In the opinion of the promoters, the drawing of lots would guarantee the independence of the judiciary vis-à-vis political parties and allow the selection of the best candidates. Professional aptitude, not party affiliation, would be the deciding factor. Diversity on the bench would also be enhanced, as women and men would have the same opportunities to access positions, for example.

The abolition of re-election of judges would also prevent parliament from exerting political pressure on the judiciary through the threat of deselection.

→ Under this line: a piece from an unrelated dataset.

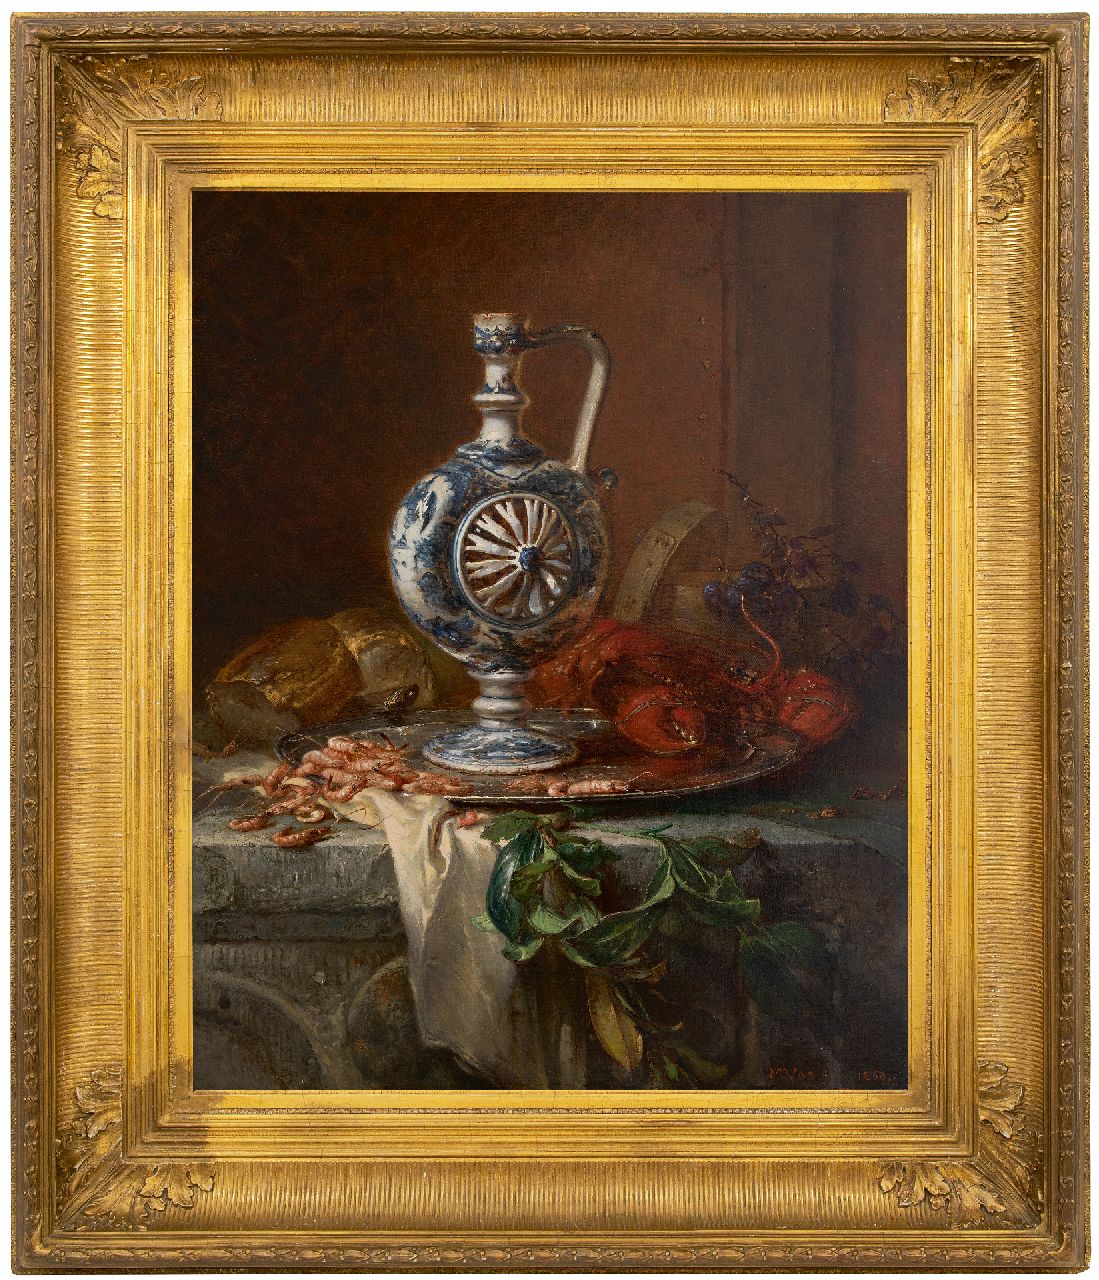 Vos M.  | Maria Vos | Schilderijen te koop aangeboden | Stilleven met aardewerken fopkan, tinnen schaal, kreeft en garnalen, olieverf op doek 84,4 x 67,3 cm, gesigneerd rechtsonder en gedateerd Jan. 1868

Main arguments against the initiative

Opponents of the initiative find the proposal too extreme. In the opinion of most parliamentarians, the existing system works well and the election of judges by parliament gives the process democratic legitimacy. As one legislator put it in a nutshell: democracy is better than a lottery.

Opponents also believe that, when electing judges, parliament can now take into account criteria such as age, sex and origin, thus ensuring a broad societal balance in the administration of the justice.

According to Swiss Minister of Justice Karin Keller-Sutter, the introduction of a lottery process would be completely foreign to the system. A drawing of lots would contradict the political tradition of Switzerland and would present itself as a foreign body in the legislation. “The luckiest candidates, rather than the most capable, would be chosen. “

Who is for and who against the initiative?

The government and the parliament reject the popular initiative almost unanimously and without any counter-proposal. Most of the major parties should vote against.